Substitute $6$ for $A$ and $-75°$ for $\theta$ in equation (2).

$\begin{array}{c}6\angle -75°=\left(6\right)\cos \left(-75°\right)+j\left(6\right)\sin \left(-75°\right)\\ =1.55291+j5.79555\end{array}$

Substitute $5$ for $A$ and $28°$ for $\theta$ in equation (2).

$\begin{array}{c}5\angle 28°=\left(5\right)\cos \left(28°\right)+j\left(5\right)\sin \left(28°\right)\\ =4.41474+j2.34736\end{array}$

Substitute $3.80423+j1.23605$ for $4\angle 18°$ and $1.55291+j5.79555$ for $6\angle -75°$ and $4.41474+j2.34736$ for $5.16\angle 63.2°$ in the given complex number.

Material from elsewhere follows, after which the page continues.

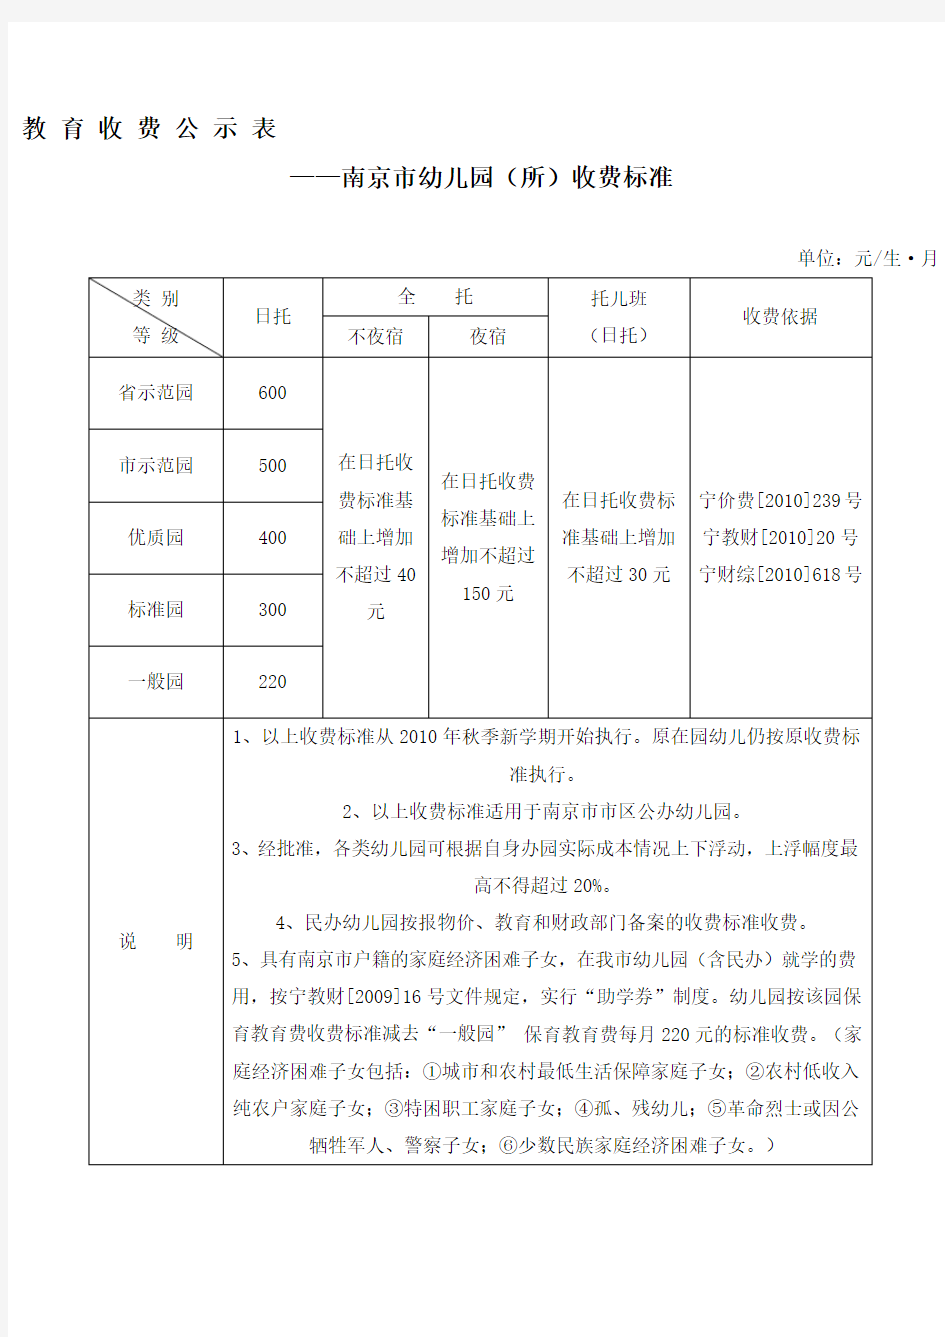 南京市幼儿园所教育收费公示标准表

$\begin{array}{c}F=3.80423+j1.23605-1.55291+j5.79555+4.41474+j2.34736\\ =6.66606+j9.37898\end{array}$

Substitute $6.66606$ for $B$ and $9.37898$ for $C$ in equation (1).

$\begin{array}{c}6.66606+j9.37898=\sqrt{{\left(6.66606\right)}^2+{\left(9.37898\right)}^2}\angle {\tan }^{-1}\left(\frac{9.37898}{6.66606}\right)\\ =11.5066\angle 54.5969°\end{array}$

Conclusion:

Therefore, the polar form of the given complex number is $11.5066\angle 54.5969°$.